SANTO CANE: NON È UNA BESTEMMIA, MA QUASI. DI NANE CANTATORE

Santo cane: non è una bestemmia, ma quasi.
Di NANE CANTATORE

   

    

Xilografia con il momento decisivo della storia di san Guinefort. Notare oltre al serpente e al cane decapitati (in simmetria di sconfitta del male e martirio), un terzo animale: forse un merlo o altro uccello parlante, che indica dov’è finito il pargolo e simboleggia la voce del buon senso che il cavaliere, travolto dall’ira, non ha ascoltato.

Nella regione francese di Dombes, vicino a Lione, la devozione popolare ha venerato per secoli la figura di San Guinefort.
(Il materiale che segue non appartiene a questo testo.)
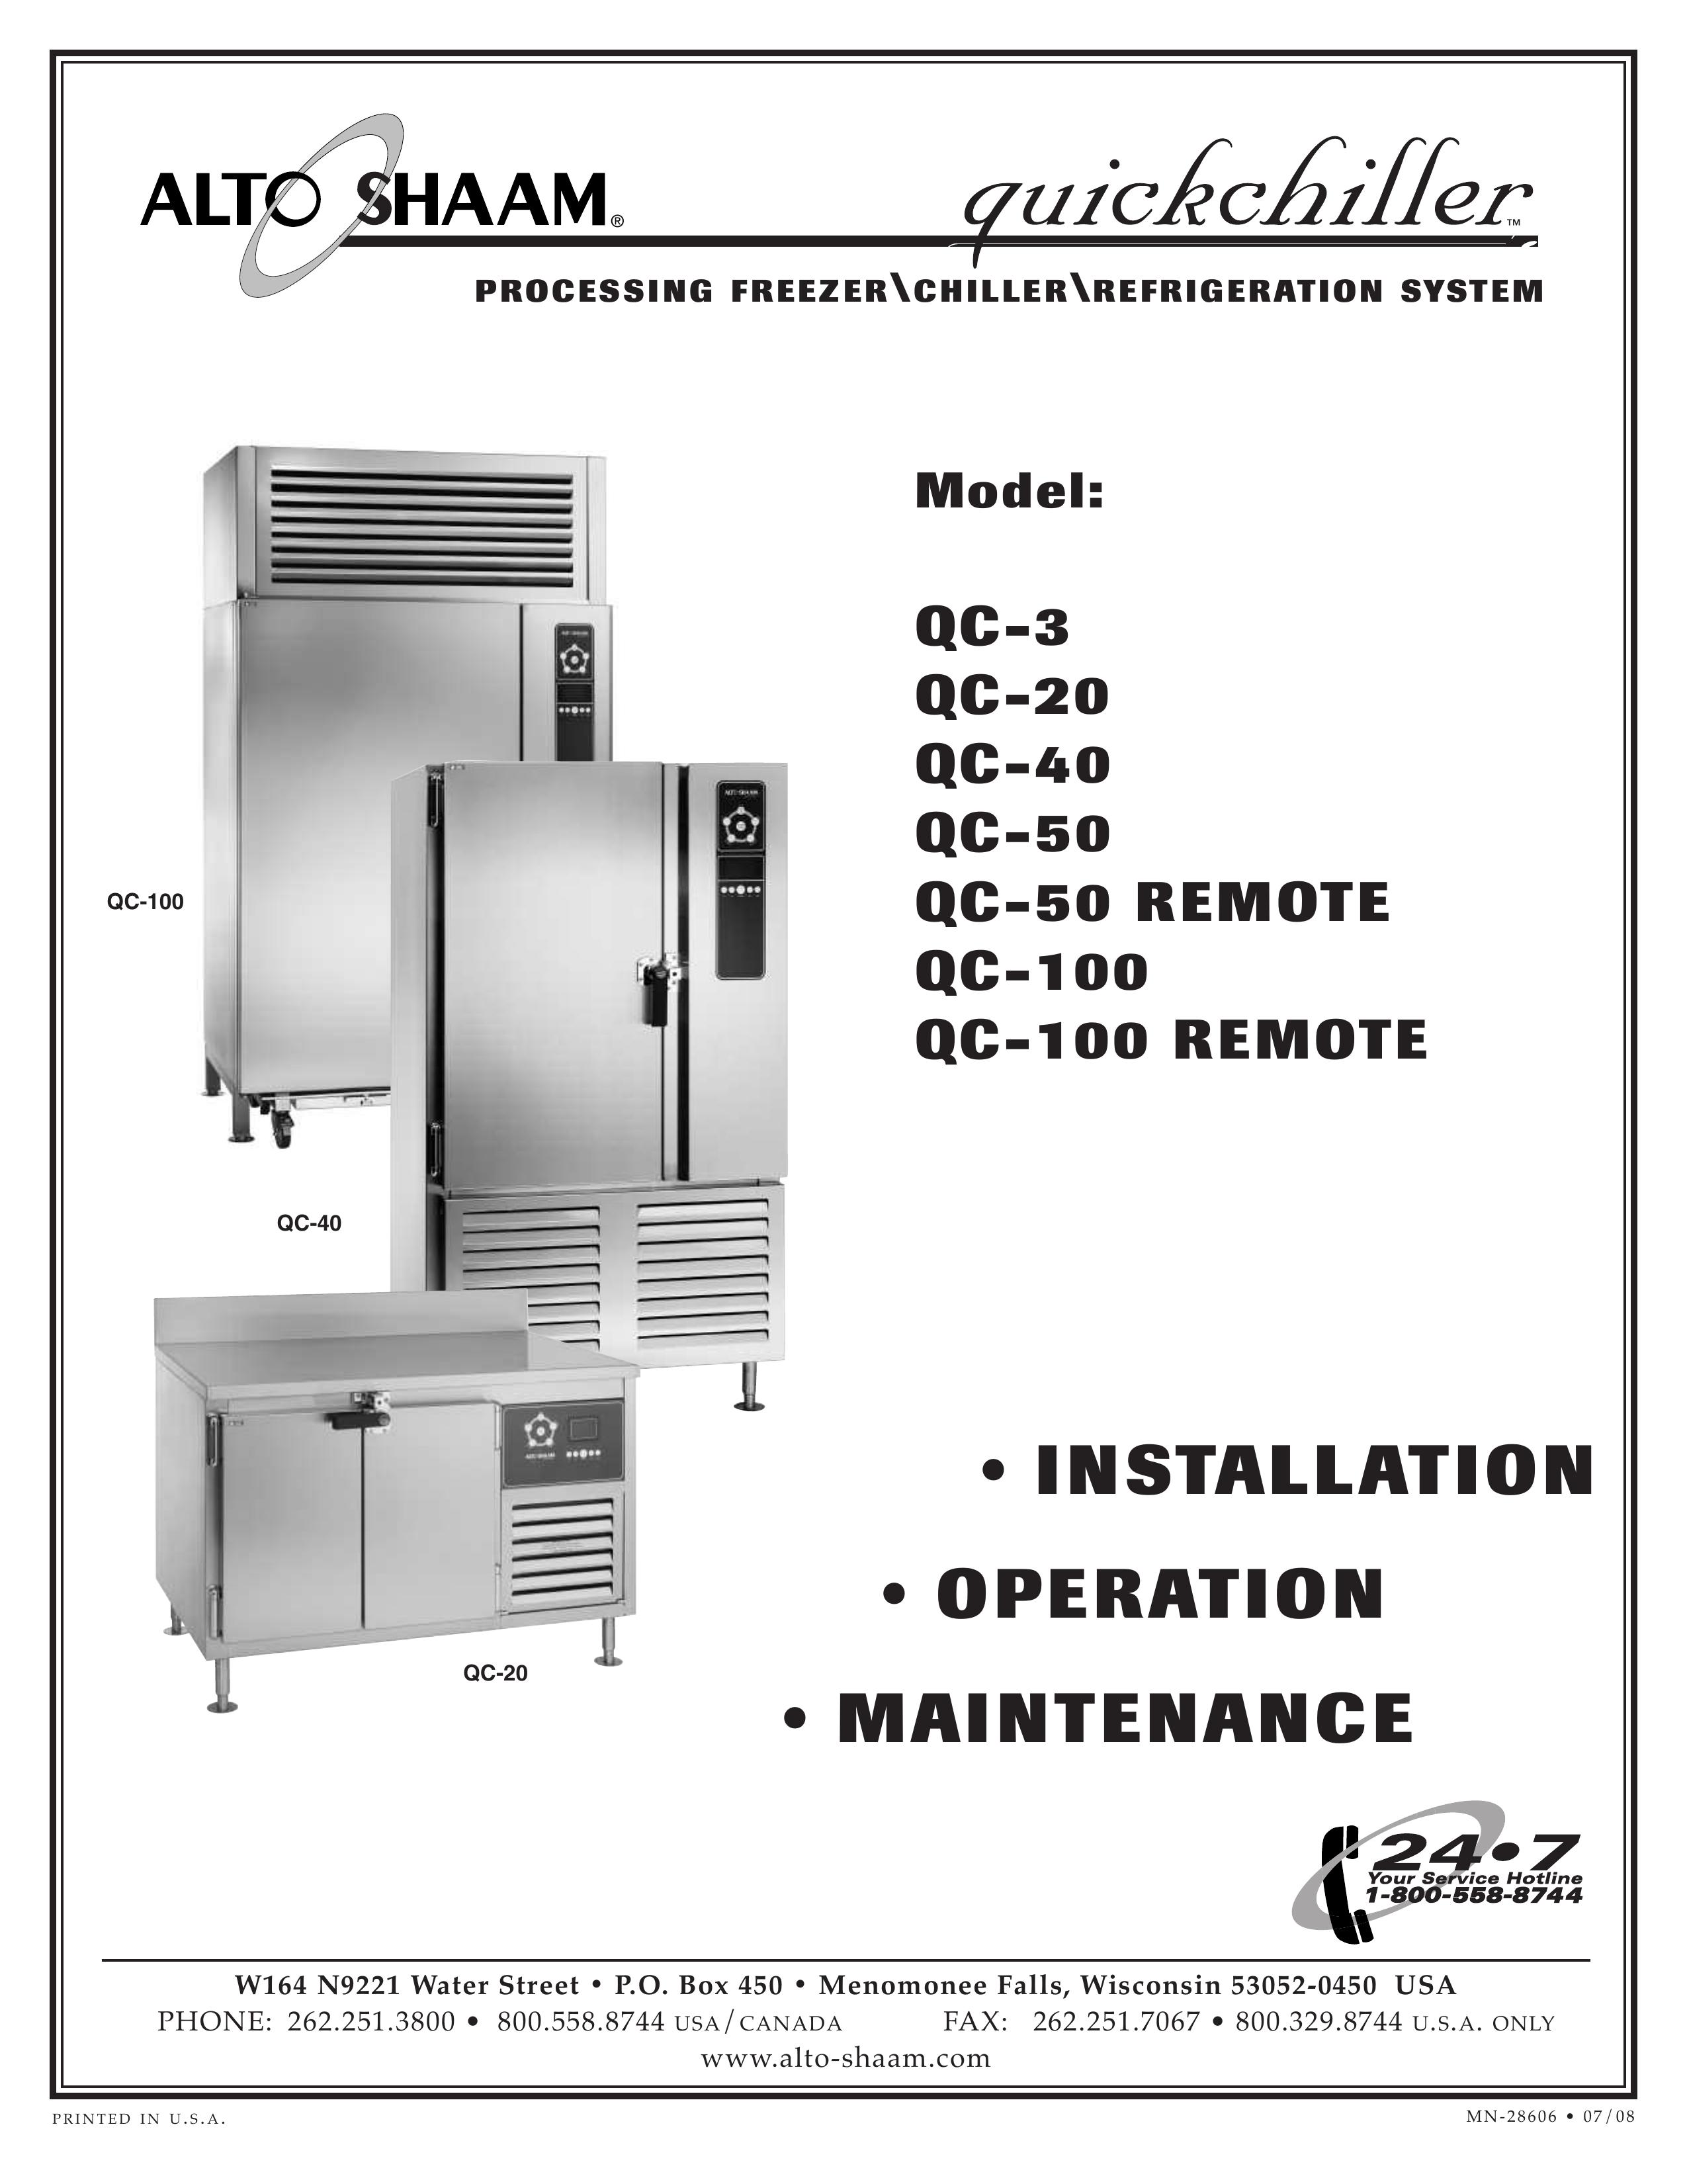 Alto-Shaam QC-50 REMOTE Refrigerator User Manual

Ciò che rendeva questo culto decisamente peculiare è il fatto che Guinefort era un levriero. Secondo la leggenda, si trattava nientemeno che del cane di san Rocco, che aveva accudito il padrone portandogli il cibo quando era malato di peste.
Alla morte del santo, l’animale venne adottato da un cavaliere, che viveva nelle vicinanze del villaggio di Neuville. Un giorno, il nobiluomo e la moglie, rientrati a casa, trovarono la stanza del figlioletto a soqquadro, la culla rovesciata e in pezzi, nessuna traccia del pargolo e il cane con il muso insanguinato. Il padrone uccise immediatamente l’animale decapitandolo con un colpo di spada; subito dopo, la moglie ritrovò il piccolo, rimasto sotto la culla con una vipera morta accanto: Guinefort aveva salvato il bambino e ucciso il serpente. Il cavaliere, pentito, fece seppellire onorevolmente il cane circondando la tomba di alberi, con pannelli che ne descrivevano le imprese. Da allora, il volgo locale iniziò a omaggiare il cane santo, pregandolo per la salvezza di bimbi malati o in pericolo. Nonostante l’ostilità delle autorità ecclesiastiche, esistono tracce di pratiche devozionali di questo tipo fino agli anni Trenta del secolo scorso.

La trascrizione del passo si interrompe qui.